NMR Characterization of Copper-Binding Domains 4−6 of ATP7B,

Abstract

The Wilson disease protein (ATP7B) is a copper-transporting member of the P-type ATPase superfamily, which plays a central role in copper homeostasis and interacts with the copper chaperone Atox1. The N-terminus of ATP7B is comprised of six copper-binding domains (WCBDs), each capable of binding one copper atom in the +1 oxidation state.
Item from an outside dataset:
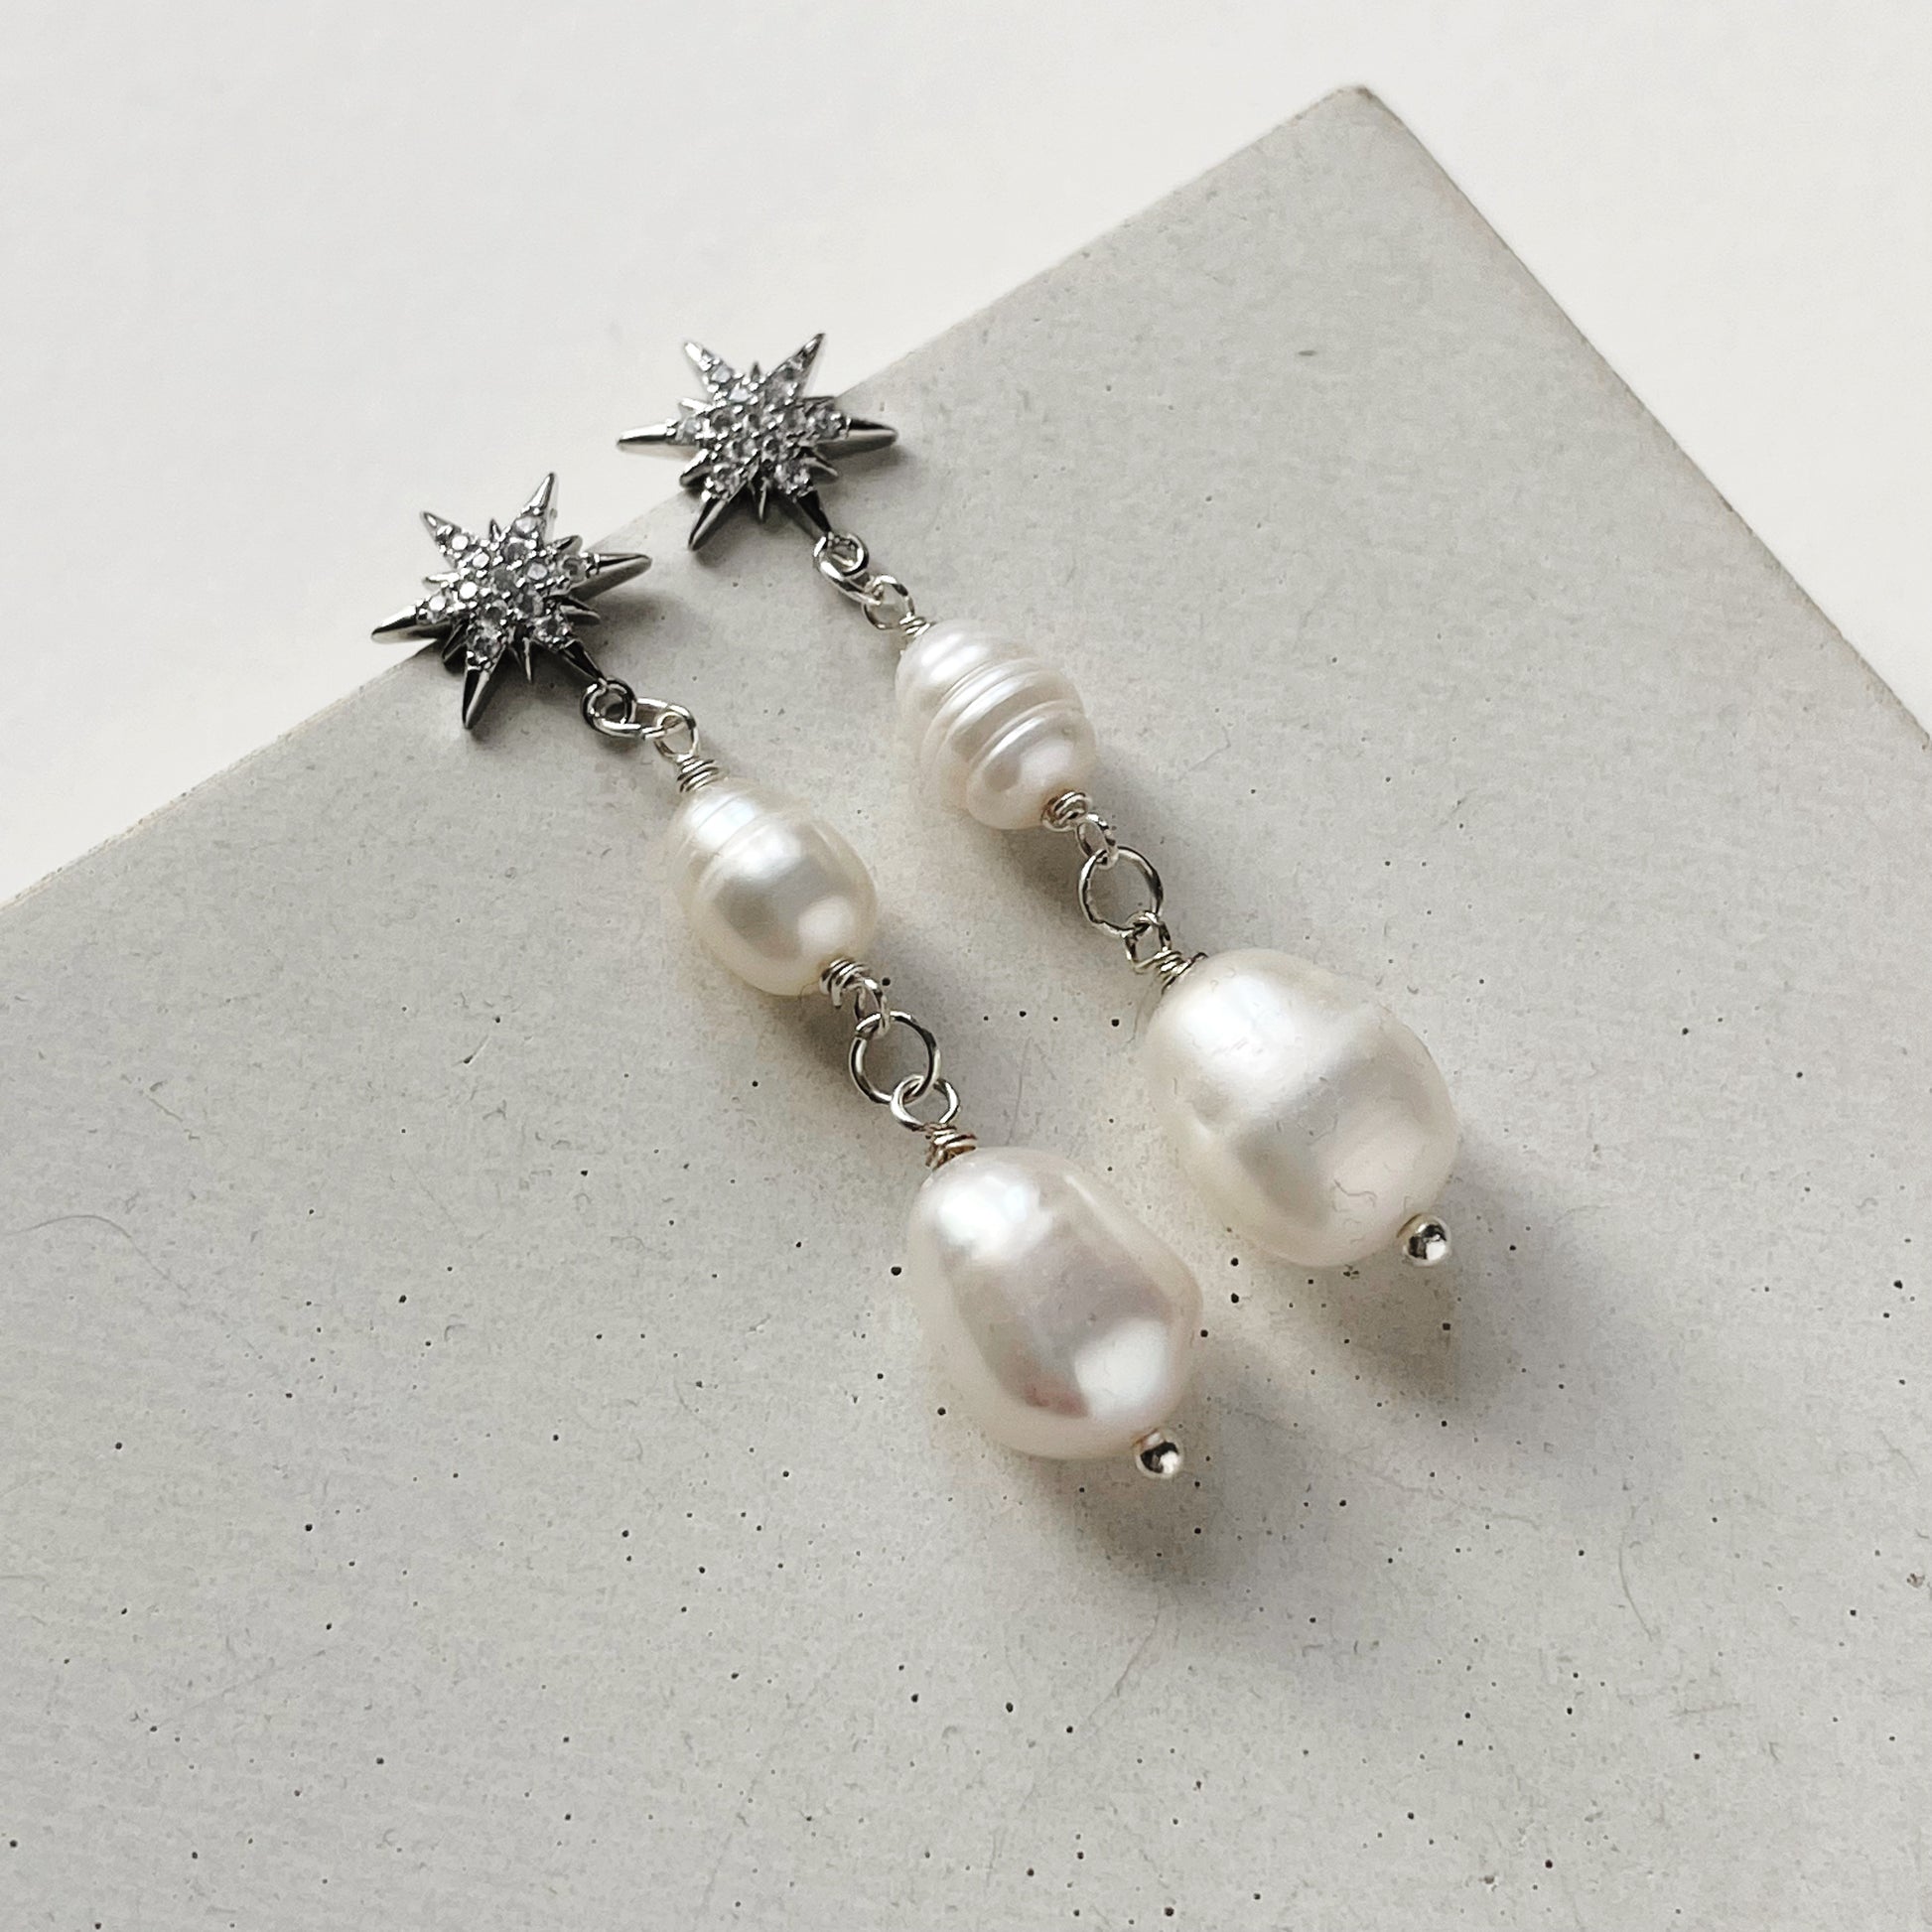 GYPSY MEDIUM | Statement Bridal Earrings of stars and pearls

To better understand the regulatory effect of copper binding to these domains, we have performed NMR characterization of WCBD4-6 (domains 4-6 of ATP7B). (15)N relaxation measurements on the apo and Cu(I)-bound WCBD4-6 show that there is no dramatic change in the dynamic properties of this three-domain construct; the linker between domains 4 and 5 remains flexible, domains 5 and 6 do not form a completely rigid dimer but rather have some flexibility with respect to each other, and there is minimal change in the relative orientation of the domains in the two states. We also show that, contrary to previous reports, the protein-protein interaction between Atox1 and the copper-binding domains takes place even in the absence of copper. Comparison of apo and Cu(I)-bound spectra of WCBD1-6 shows that binding of Cu(I) does not induce the formation of a unit that tumbles as a single entity, consistent with our results for WCBD4-6. We propose that copper transfer to and between the N-terminal domains of the Wilson Cu-ATPase occurs via protein interactions that are facilitated by the flexibility of the linkers and the motional freedom of the domains with respect to each other.